Without including the pictures, copy each line below exactly as it reads.

# [Data provided]
BEGIN
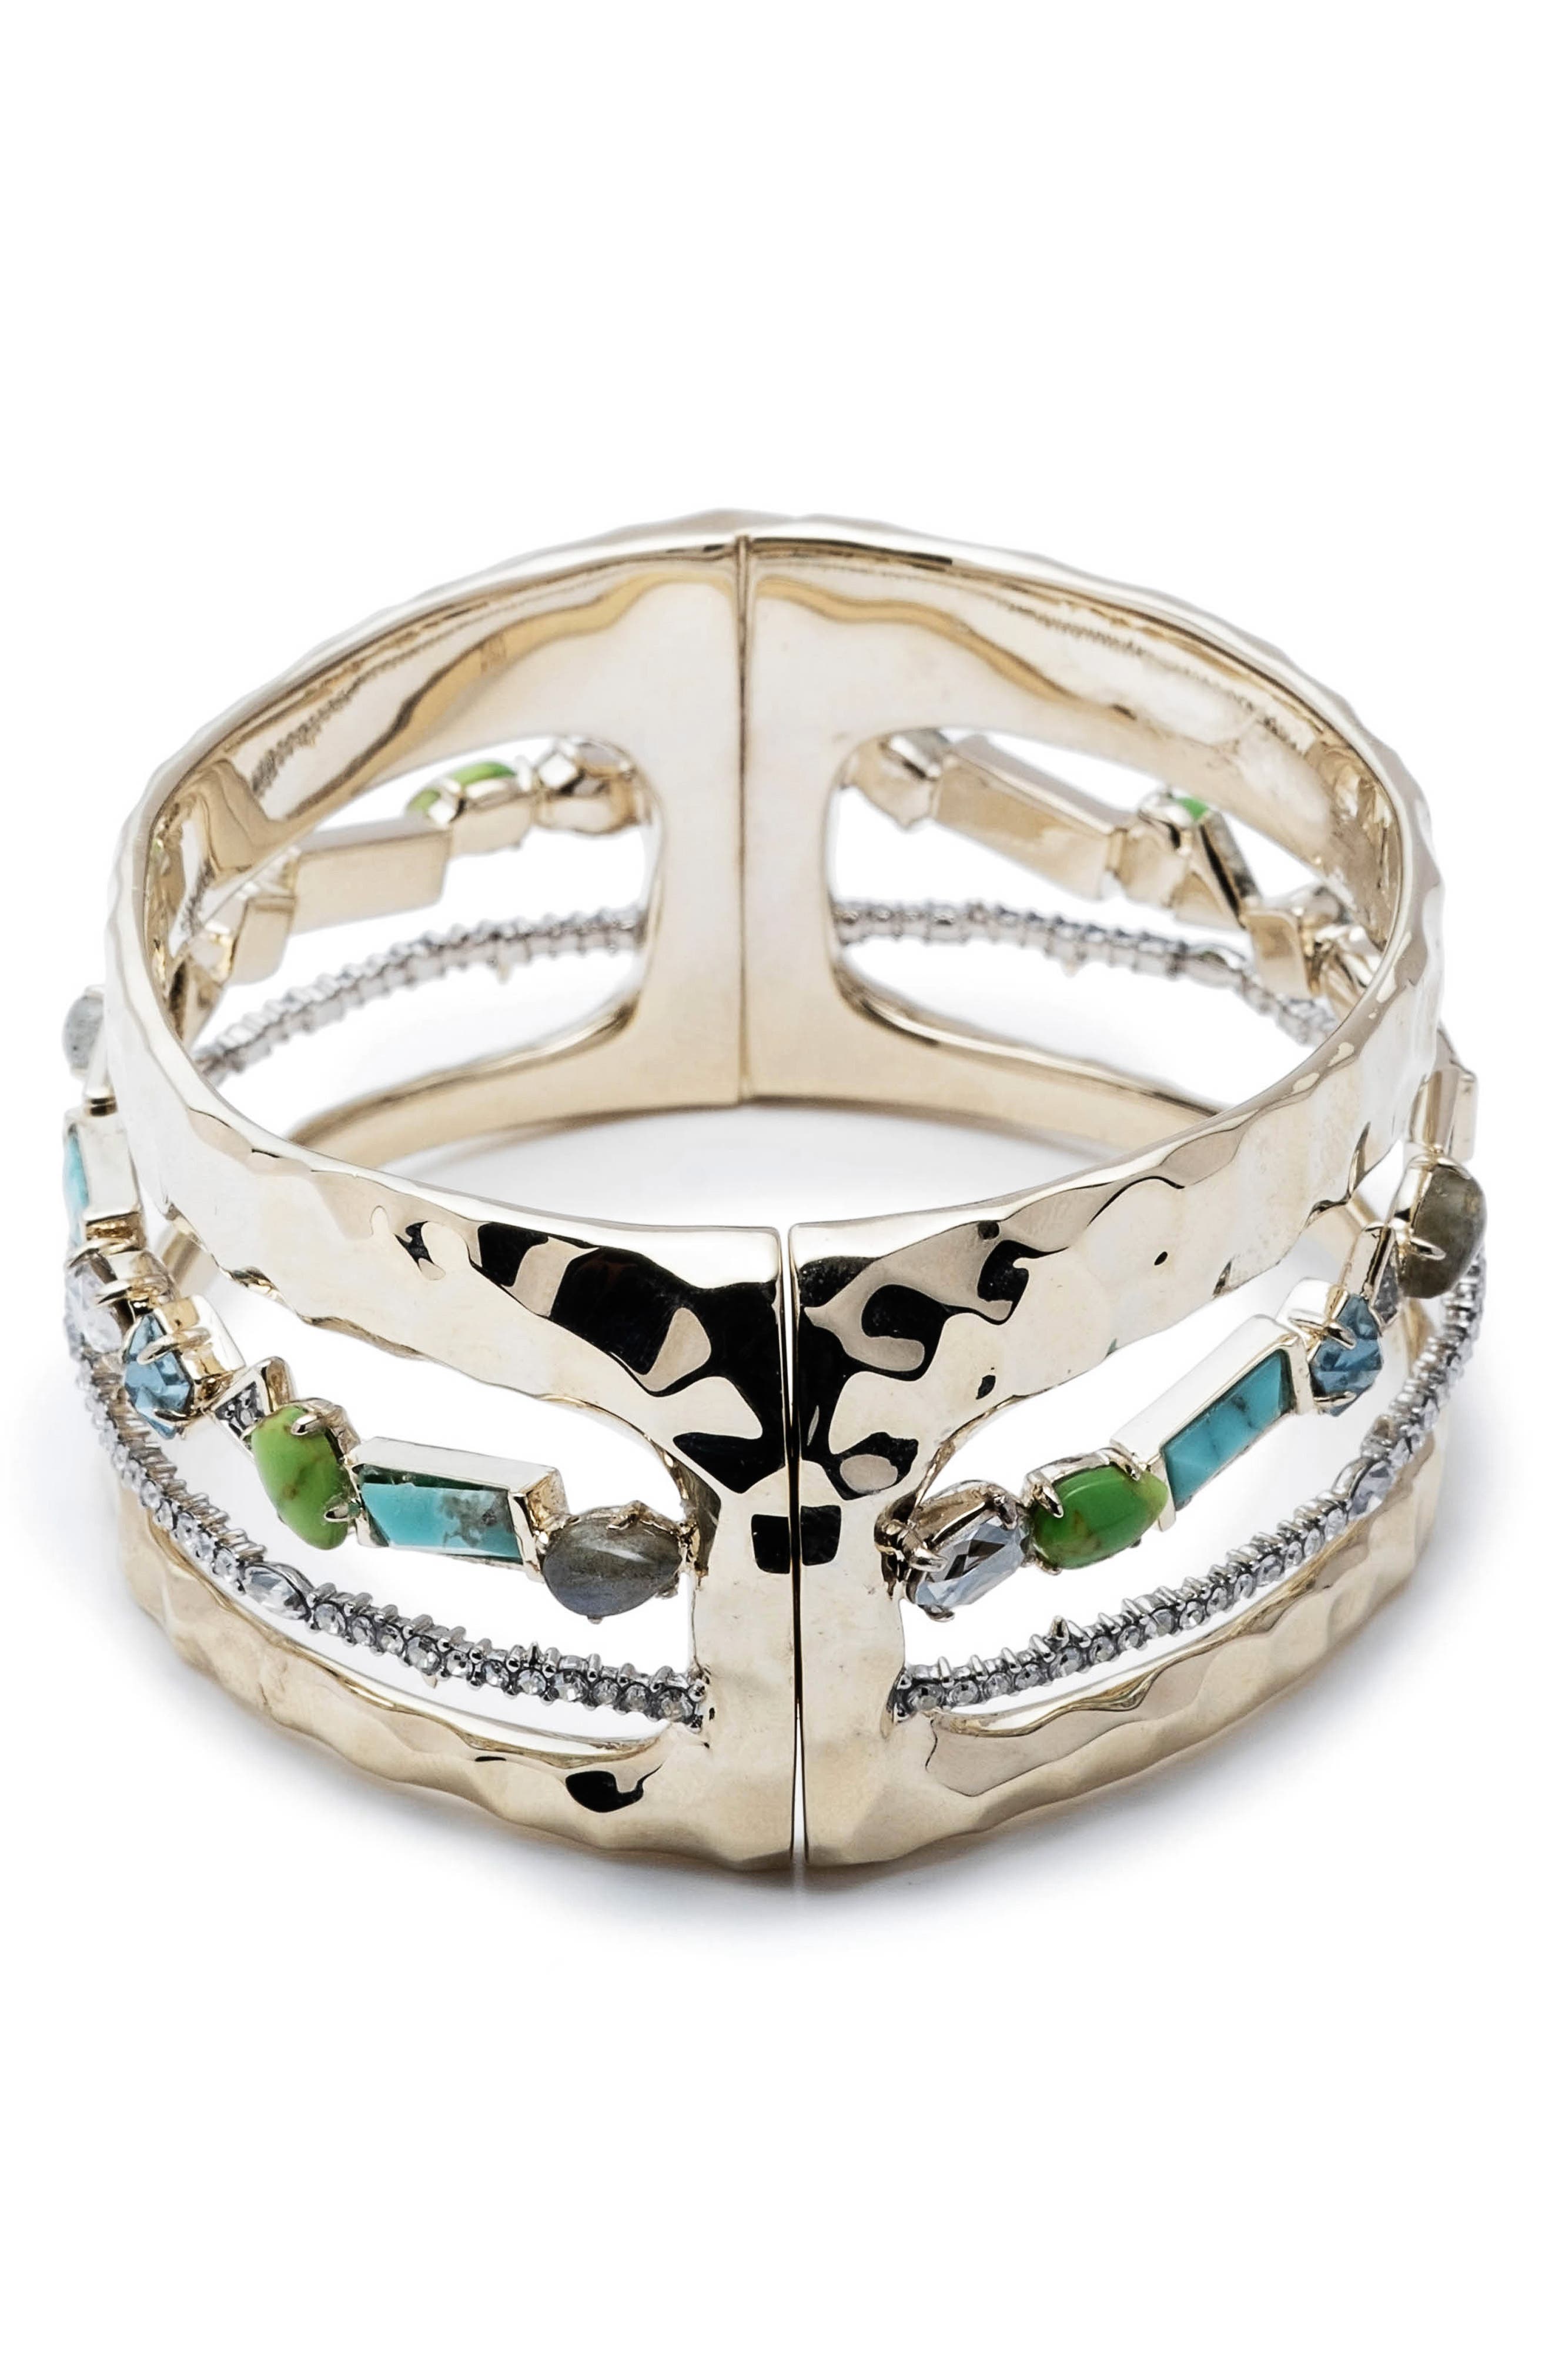 Alexis Bittar Hammered Metal With Stone & Crystal Row Bracelet In Two Tone
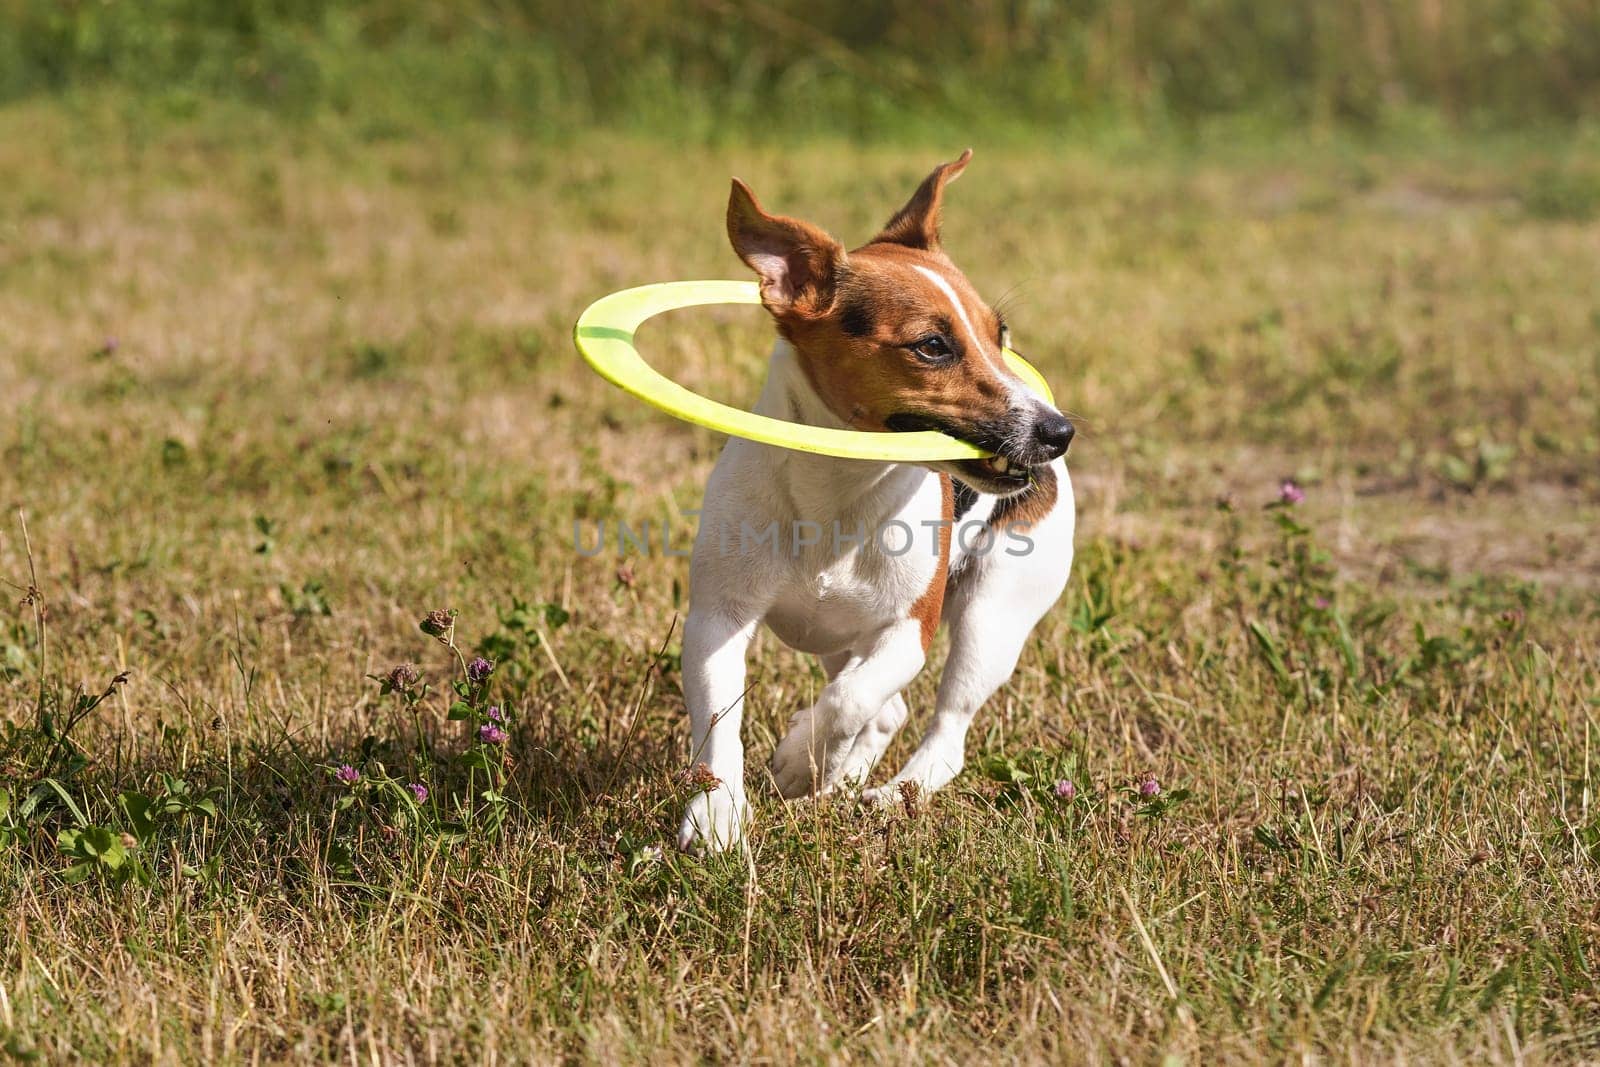 Jack Russell terrier playing with yellow plastic throwing disc on grass meadow, holding it in her mouth by Ivanko
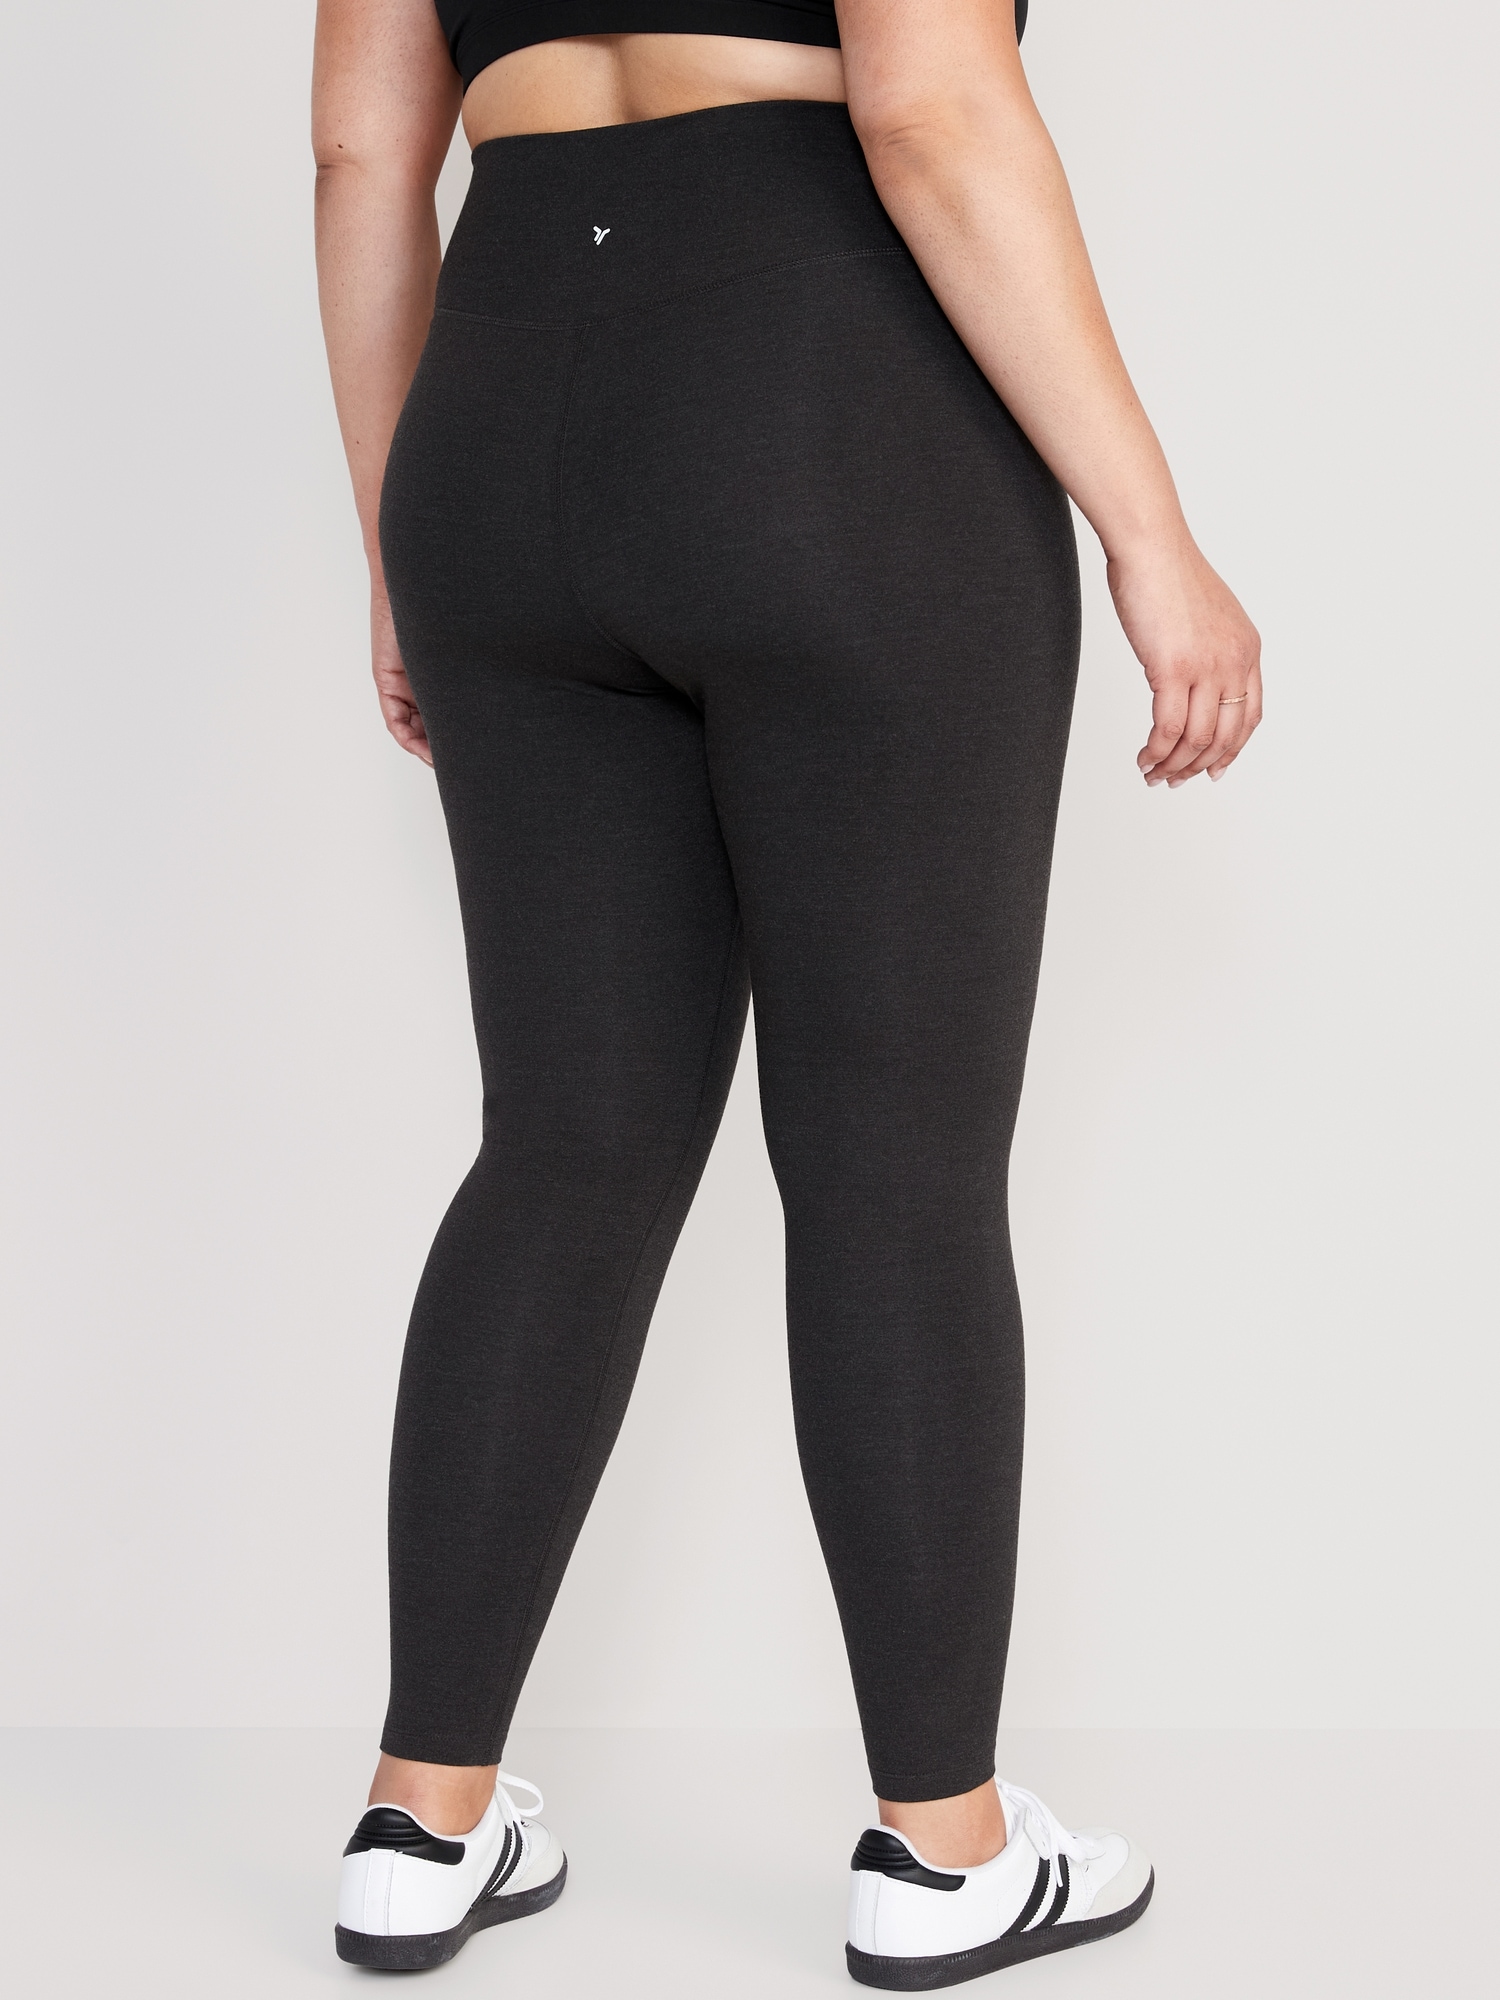 Extra High-Waisted PowerChill Leggings | Old Navy
END
# [Answer section]
 Alexis Bittar Hammered Metal With Stone & Crystal Row Bracelet In Two Tone
 Jack Russell terrier playing with yellow plastic throwing disc on grass meadow, holding it in her mouth by Ivanko
 Extra High-Waisted PowerChill Leggings | Old Navy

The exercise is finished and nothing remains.